I’ll end by bringing it back to a more personal and immediate level, to say how honoured I am to be receiving this award, the Kate Greenaway medal. I grew up in suburban Western Australia, about as far away from the UK as you can get – further than the moon actually, because at least you can see the moon from London. However, thanks to the local public libraries of my youth, it was well within a British orbit, including the wonderful reach of creators such as Quentin Blake, Shirley Hughes, Raymond Briggs and so many others I can now count as peers. That notion would have been unthinkable to me as a kid, not least because I believed great stories came from elsewhere – anywhere but my own terminally ordinary, broad-accented neighbourhood – usually somewhere with hedgerows and elevenses, whatever they were. I wrote my first stories at school beneath a picture of a queen that didn’t live in Australia, certainly not Perth, who probably didn’t know where the best banksia flowers grew or how to handle a blue-tongued lizard. The world of adults was strange like that, loving pictures of distant queens, but kids know all about strange. Strange is good, because it means anything is still possible. And it should not go unnoticed that the emblem of Western Australia is the black swan. Until a Dutchman spotted it in 1697, the saying ‘all swans are white’ was actually a common European shorthand for absolute truth.
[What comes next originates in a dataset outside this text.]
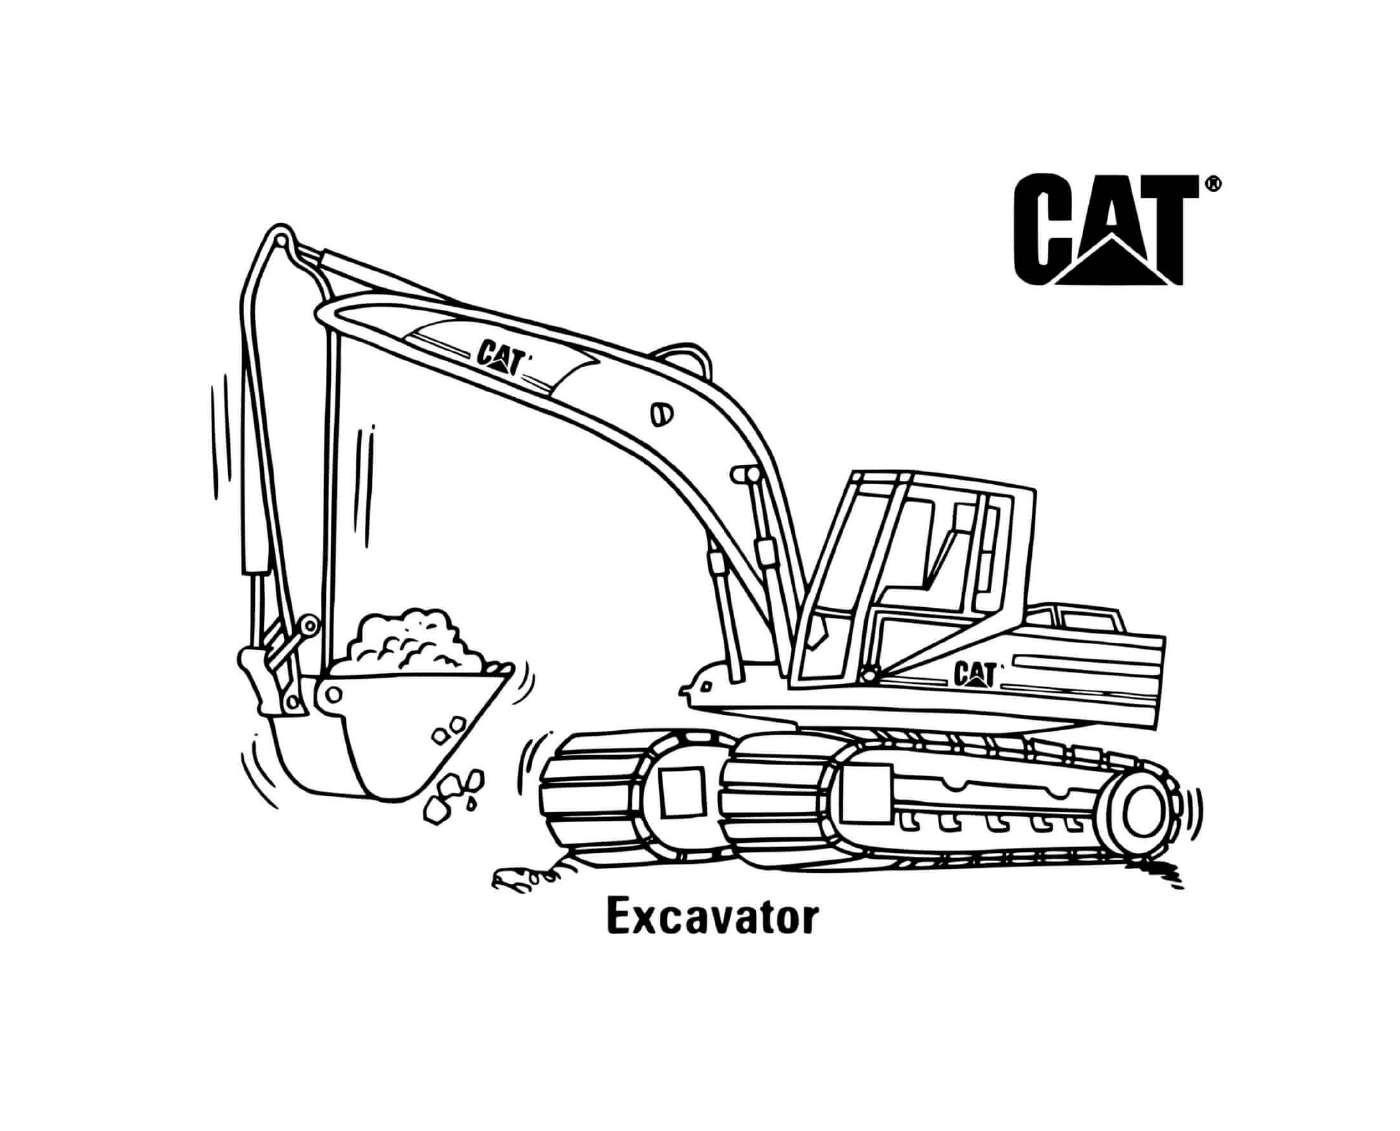  Camión excavador CAT utilizado para excavación

On the matter of odd animals, my mother once accidentally read George Orwell’s Animal Farm to my brother and I, thinking from the opening chapter that it was a fairytale suitable for small children.  She soon became aware of her  a possible misjudgement quite far in, but it was already too late. We needed to see it through to the end, chapter by harrowing chapter, through the lying and back-stabbing, the brainwashing, power abuse and slaughter, all the way to a bleak end. Well, it was not too different from things we saw at school: the pigs, the sheep, the chickens, the horse. It made sense. At the very least, I couldn’t stop thinking about it. That was the concern, my mother much later confided, worried that this seemingly innocuous book had ‘warped our little minds.’ I reassured her that if that was the case, at least warped in a productive way; I’m still writing strange animal fables four decades later. I mention this because it’s a reminder that children as an audience do not always benefit from adult presumptions. They can handle much more than most adults believe, and they do – publishers take note.

 For this reason, I’ve never been keen to draw the line between one literature or another, one genre of painting or another, between adults and children. A book, a story, a painting is not for everybody, just that person, any person, who finds it interesting. That’s the only determination of good art that I’ve been able to figure out over the years: something that’s interesting. I’m so pleased that the readers of Tales from the Inner City have granted me the gift of highest praise, of finding it interesting, all the more so for being a little warped. It’s supremely nice to know, as any properly warped author and illustrator can attest, that I’m not the only one. Thankyou!